On the basis of this new fact, and for want of a final decision of the US courts as to whether the action in rem is enforceable or not, we are considering filing a new arrest request on the grounds that it is now established that the fraudster has finally been sentenced and that the funds blocked in Geneva have no other origin than from the criminal activity committed by the fraudster. It should be noted that the rules on asset tracing in Switzerland are less rigid than they are in the US and that therefore the chances of blocking, confiscating and recovering the funds in Switzerland look better than in the US.
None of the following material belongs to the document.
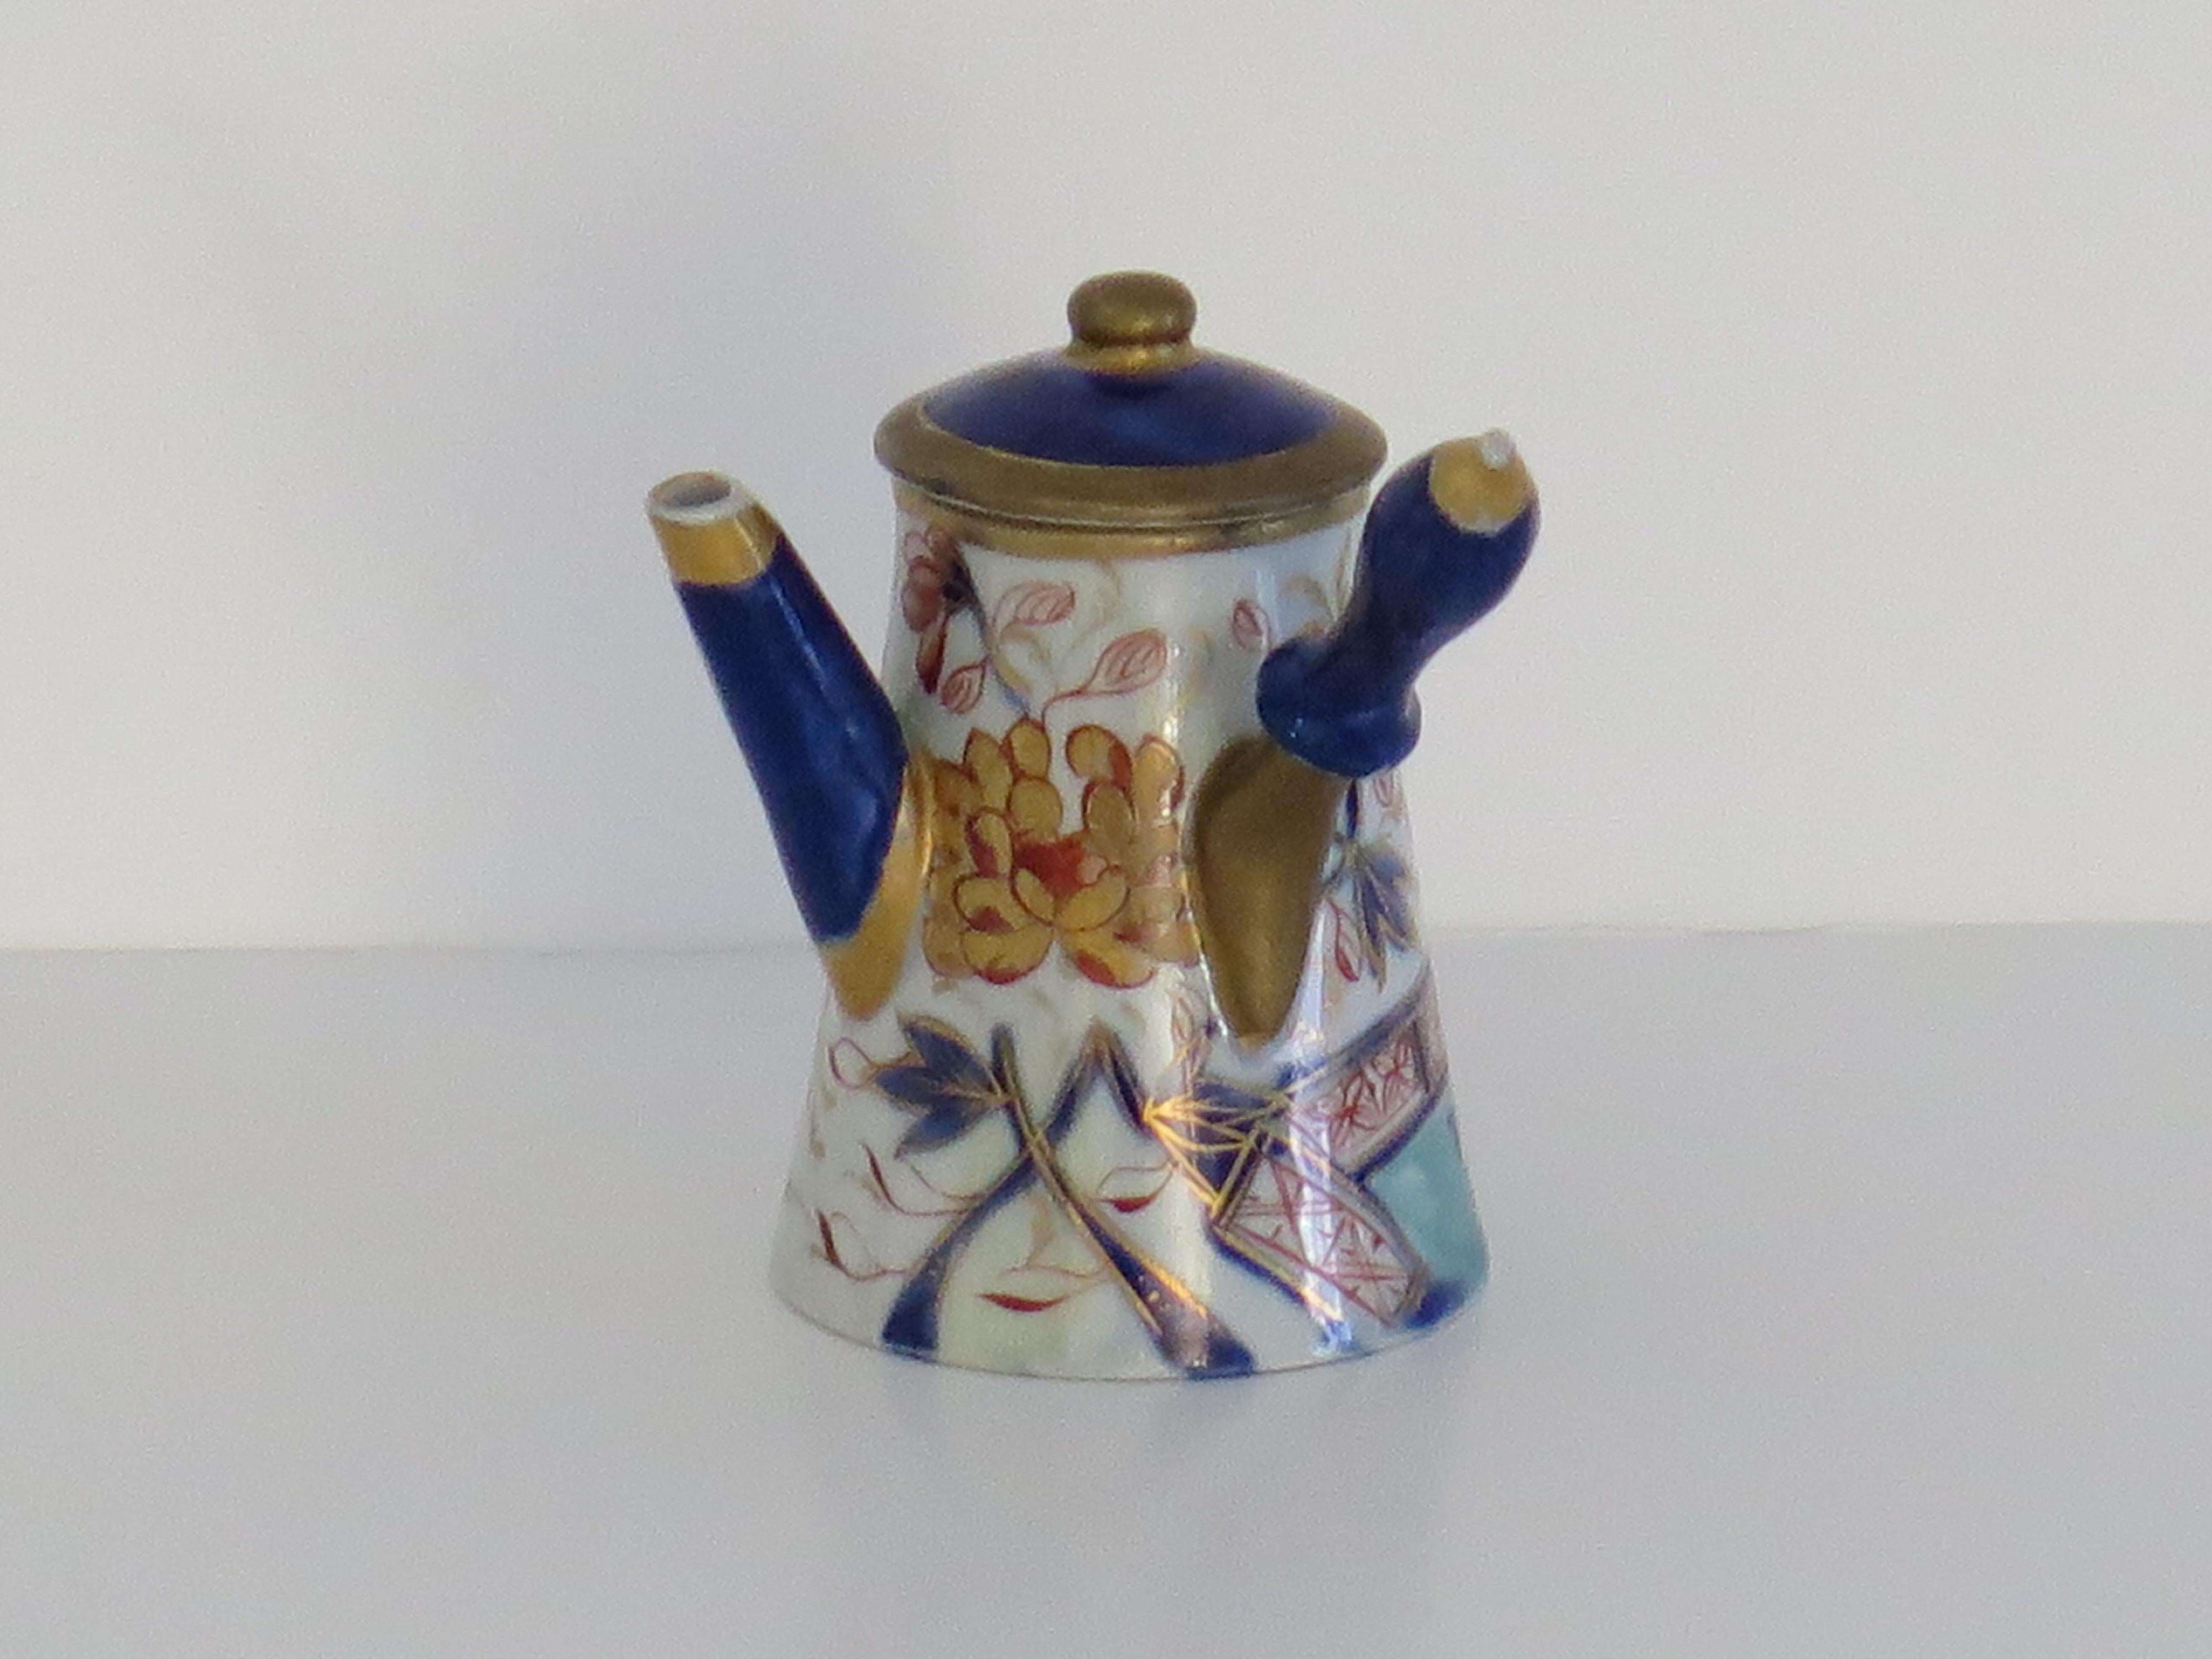 Rare Mason's Ironstone Miniature Coffee Pot in Gold Rose Japan pattern, Ca 1820 For Sale 2

In the instant matter, the far-eastern criminal prosecution authorities might have requested the confiscation of the assets by way of judicial assistance in the frame of the criminal investigation conducted in that country. They did not choose to do so, mainly because of ignorance of the rules of international judicial assistance. If they had chosen to do so, Switzerland would most likely have returned the funds to that country, rather than to the US because the far-eastern jurisdiction had primary jurisdiction over the case. It could have been however that the US authorities would have succeeded in obtaining the proceeds under the judicial assistance request since they were the first country to request judicial assistance from Switzerland.


In presence of competing claims, the criminal arrest has precedence over the civil arrest.


To complicate the issue, you might even imagine that the fraudster filed for bankruptcy in which case the receiver may try to block the funds by extending the effects of receivership to Switzerland. Swiss international private law allows for the enforcement of foreign bankruptcy in Switzerland on the assets belonging to the bankrupt estates in Switzerland. However in such a case, if the funds to be blocked have a criminal origin, they will be confiscated and will serve primarily to indemnify the victims of the fraud.


The funds confiscated under Swiss criminal investigations will normally be shared only among the plaintiffs who take part in the criminal action. If there is a competition between a civil attachment and a criminal attachment, the criminal attachment will have precedence over the civil attachment and also over a claim which may be asserted by the receiver of the bankrupt estate who enforced the bankruptcy on the assets found in Switzerland.


As you can see, the issues at stake are extremely complex. The bottom line however, is that the plaintiff who can establish that he has been the victim of a criminal act has better title to the assets as long as it can be established that the assets are the proceeds of the crime."